SIMS: Security continued…
• DMZ pro’s and con’s……
• Requires “public” servers by physically
isolated from internal servers, thus
requiring more computers, more cabling
and more advanced configuration.
• Provides an extra level of protection as
even if public servers are compromised,
the in-house network is not.
SIMS: How many servers ?
• We have five servers dedicated to
internet functions.
• Three of these servers share the load of
our web sites, email and name server
functions.
• One server is dedicated to the demo
SIMSWeb site.
• One server is dedicated to the Customer
Access (BBS) portion of our web site.
SIMS: Monitoring / Alerting ?
• Firewall instant messages my cell
phone to any known attacks.
• Custom written filters watch for
suspicious traffic and notify if trigger
levels are reached.
• All incoming and outgoing email is virus
scanned and scanned for other content
not desired.
SIMS: Pre-Emptive Measures…
• All traffic is logged and any traffic not deemed
“normal” is emailed for review.
• Several “Honeypot” services are run which
look like vulnerable systems (ftp servers with
no passwords, etc). Any attacks on these are
stealthily logged and the IP address is
automatically blocked from accessing ALL
SIMS servers for two hours.
SIMS: Paranoid or Cautious ?
• Every week we receive between five and ten
“attacks” against our servers.
• Most are scripts run from other violated servers on
the internet looking for new sites to attack.
• About once a year a full fledged attack against
multiple servers at SIMS occurs.
• The SIMS network has never been compromised,
at worst we shut down our Internet connection for
a couple of hours to eliminate the targets of the
attack. It’s not any fun to attack servers that aren’t
on-line any longer.
Why are sites attacked ?
• “Script Kiddies” trying to prove their ability to
compromise systems to their friends. Targets
are chosen based on the publicity they would
receive or because they know the target site.

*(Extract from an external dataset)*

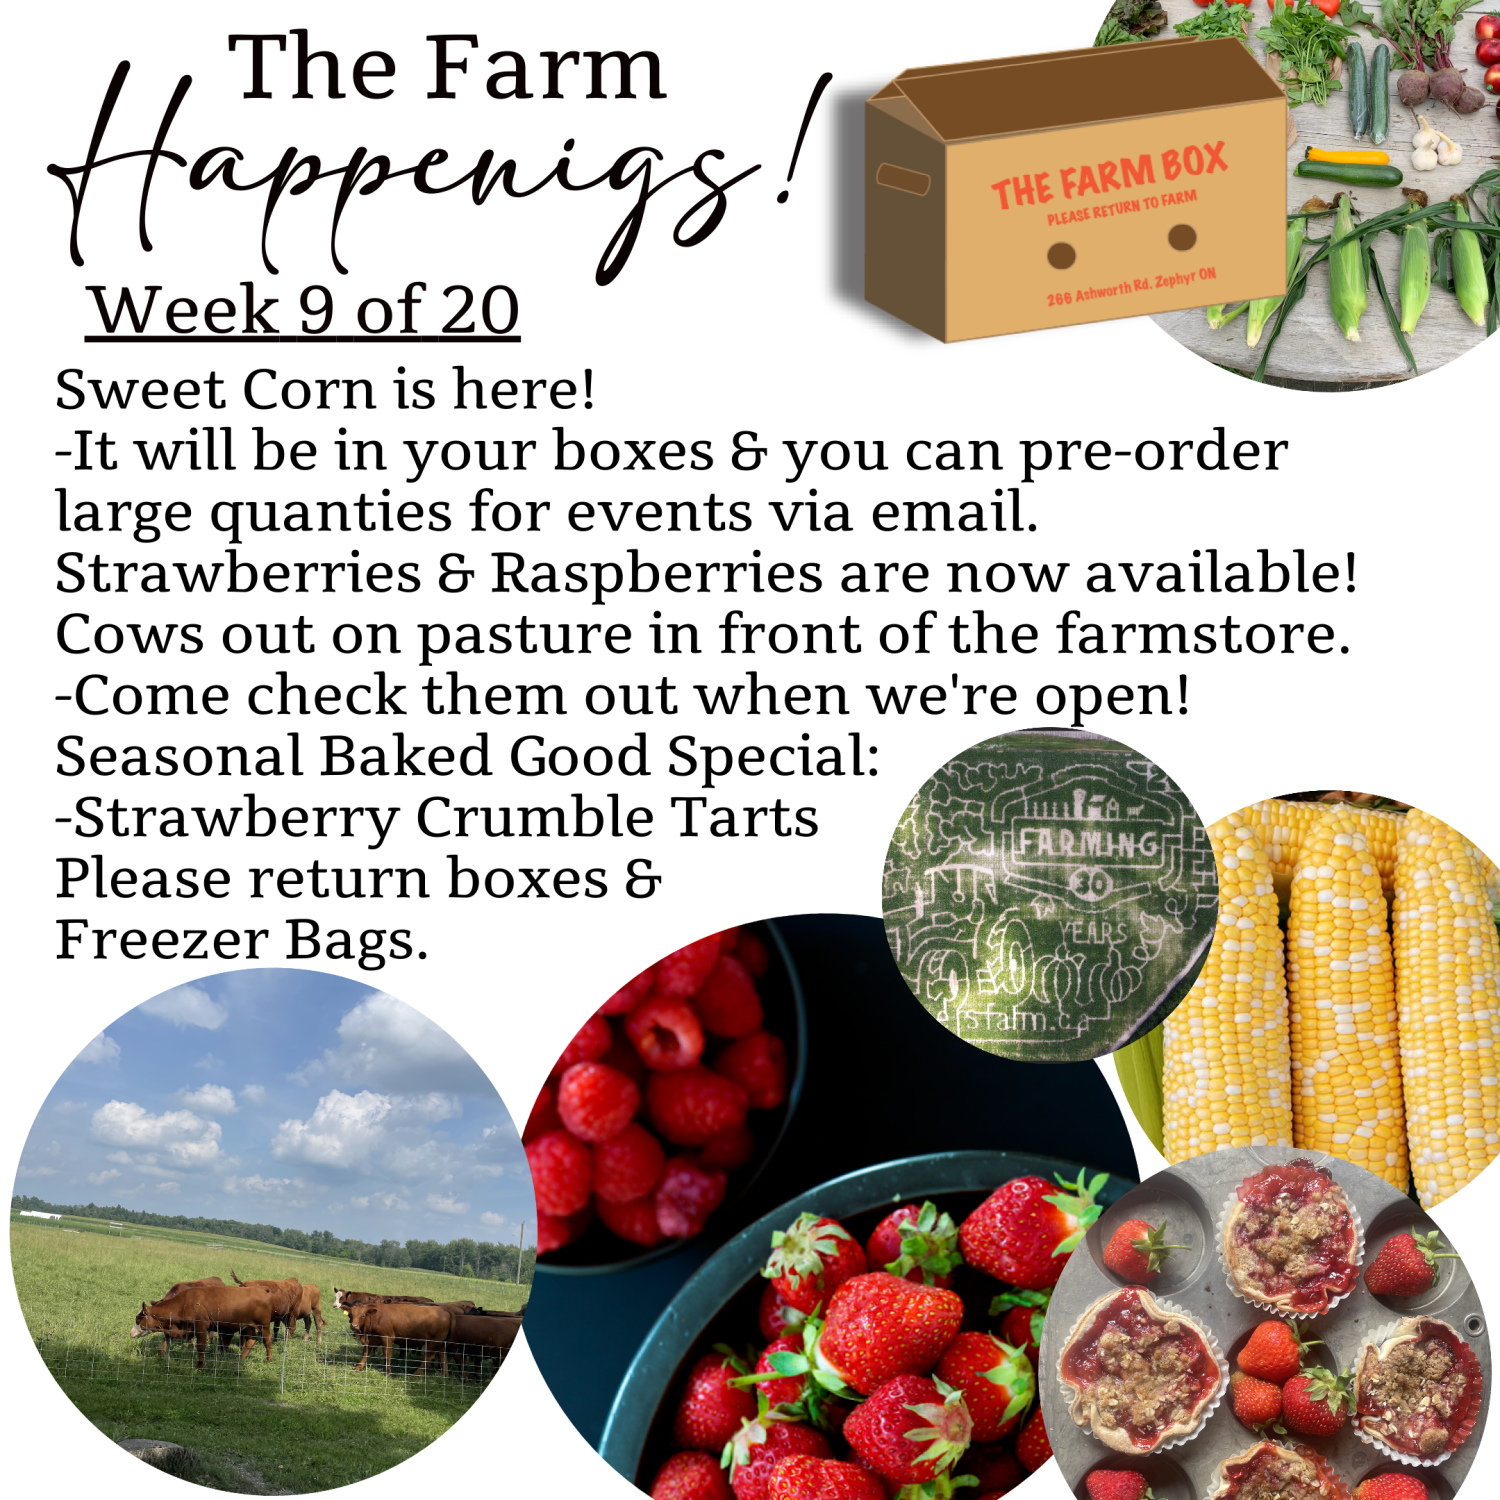 "The Farm Box"-Coopers CSA Farm Farm Happenings Week 9
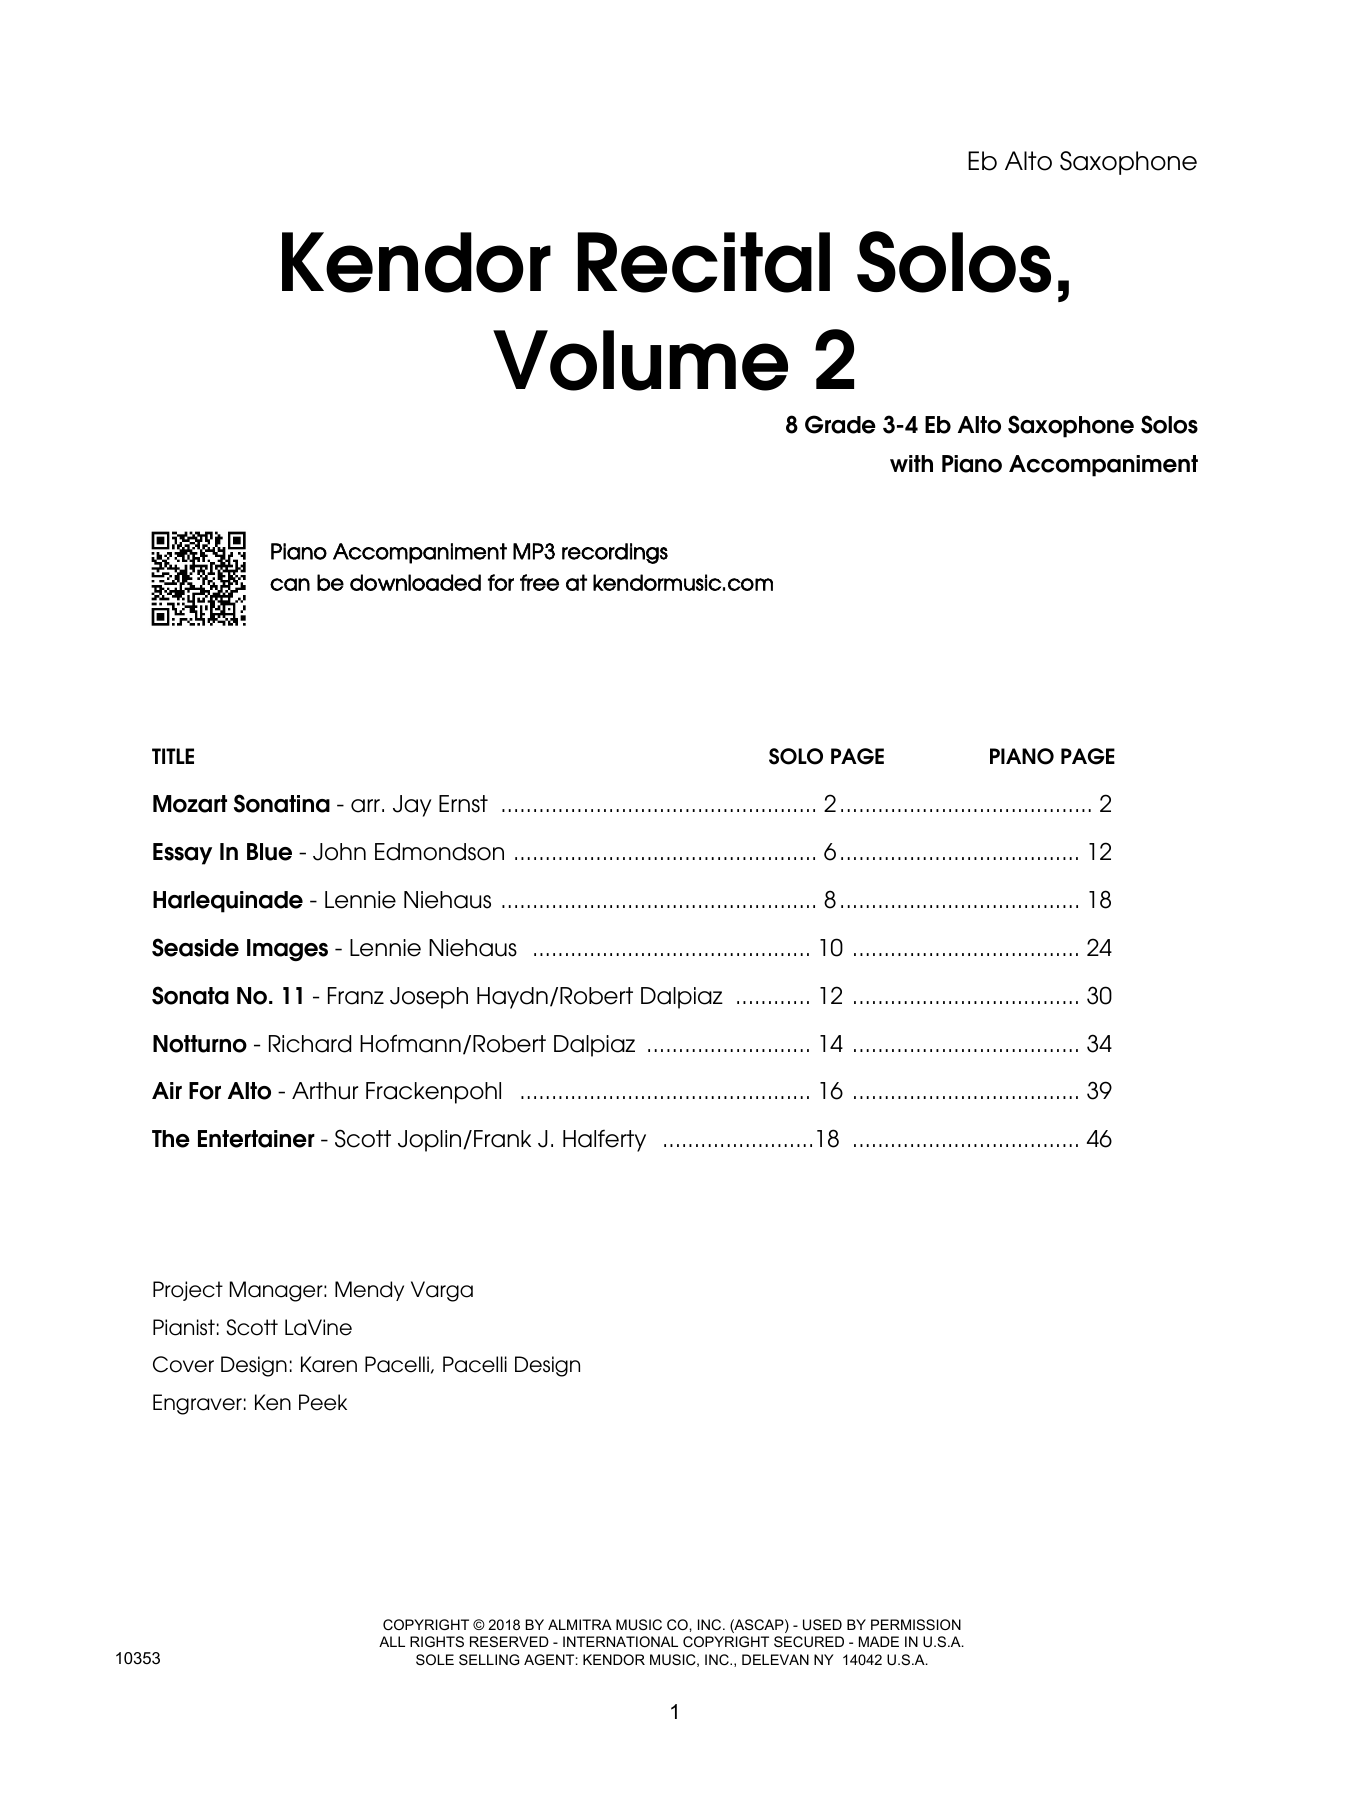 Download Various Kendor Recital Solos, Volume 2 - Eb Alt Sheet Music

• Retaliation for past “wrongs”. Current or exemployees trying to get even or access
documents/files they feel entitled to.
• Directed Attacks against competitors or other
companies for the purpose of humiliating
them or obtain trade secrets.
How are sites attacked ?
• Servers left unprotected. New security
vulnerabilities come out weekly, sometimes
daily for Windows. Make sure you apply
patches before someone uses the “hole”
against you.
• Services you don’t know are running. When
installing software, many programs open
back-doors that can be exploited by others
that know where they are.
How are sites attacked ?
• Trojan Horse programs. Sent either by email
or downloaded by a user unsuspectingly by
advertising the program as something it’s not.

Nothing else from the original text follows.